§ **INFORMATION**
━━━━━━━━━━━━━━━━
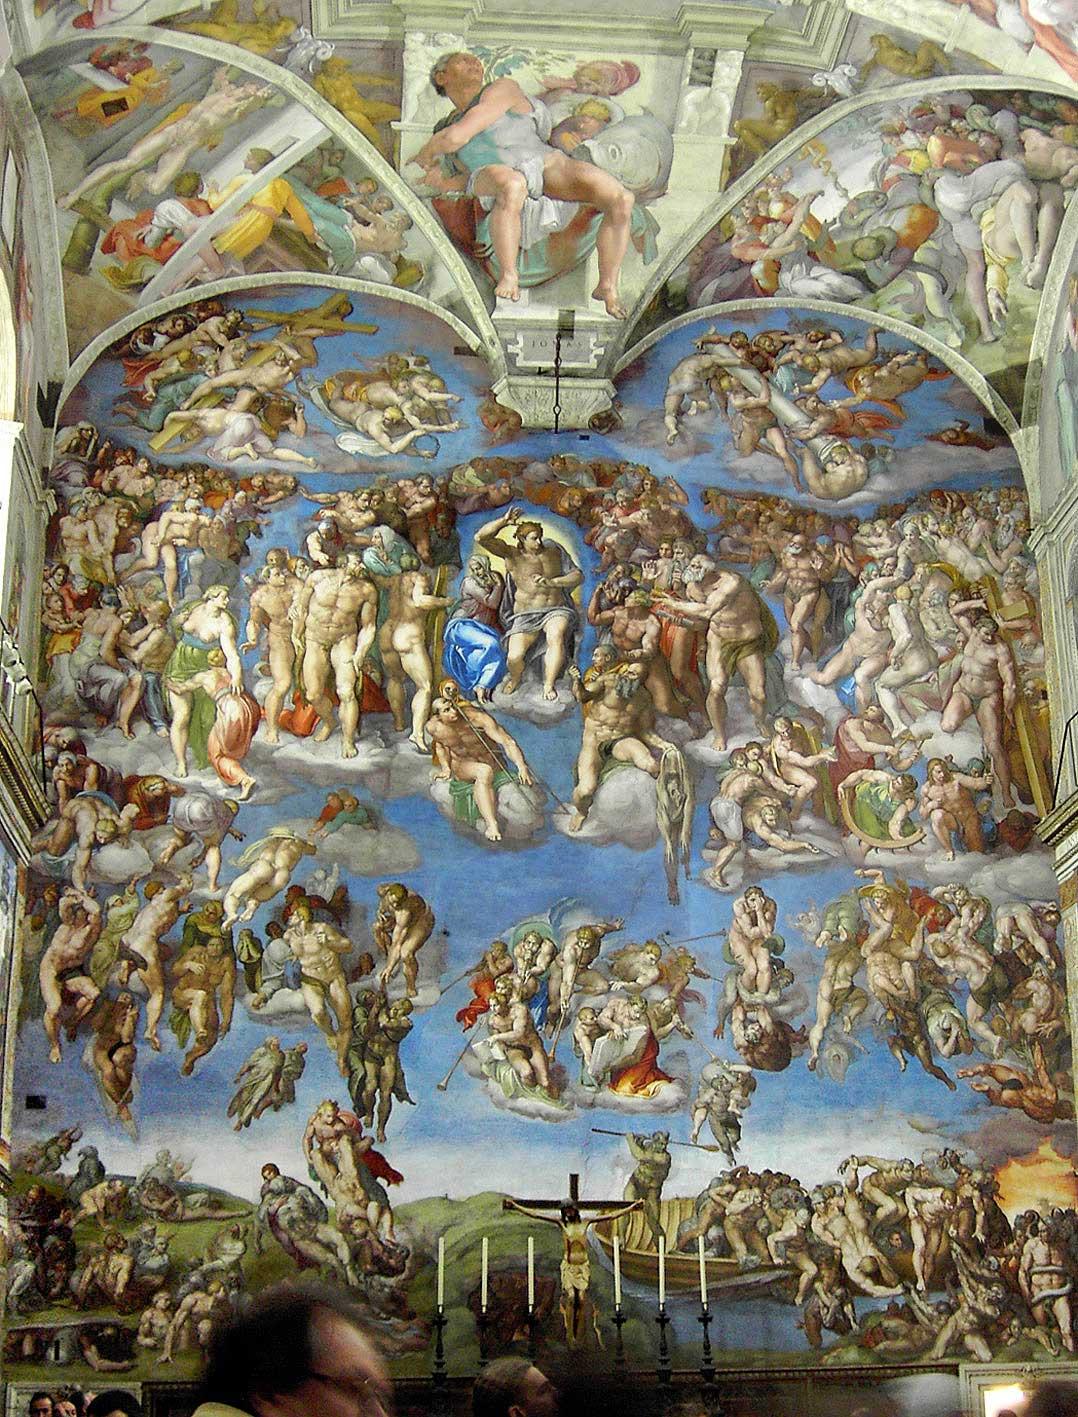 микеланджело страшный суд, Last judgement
━━━━━━━━━━━━━━━━
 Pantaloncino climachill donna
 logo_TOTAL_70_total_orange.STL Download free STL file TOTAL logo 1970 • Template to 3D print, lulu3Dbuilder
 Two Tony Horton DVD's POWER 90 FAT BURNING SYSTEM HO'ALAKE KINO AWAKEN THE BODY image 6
━━━━━━━━━━━━━━━━
§ **WHAT THE TASK REQUIRES**
Will you return exactly the lines above from the one with "Pantaloncino climachill donna" down to the one with "Two Tony Horton", counting both as part of the range?

§ **EXPECTED ANSWER**
 Pantaloncino climachill donna
 logo_TOTAL_70_total_orange.STL Download free STL file TOTAL logo 1970 • Template to 3D print, lulu3Dbuilder
 Two Tony Horton DVD's POWER 90 FAT BURNING SYSTEM HO'ALAKE KINO AWAKEN THE BODY image 6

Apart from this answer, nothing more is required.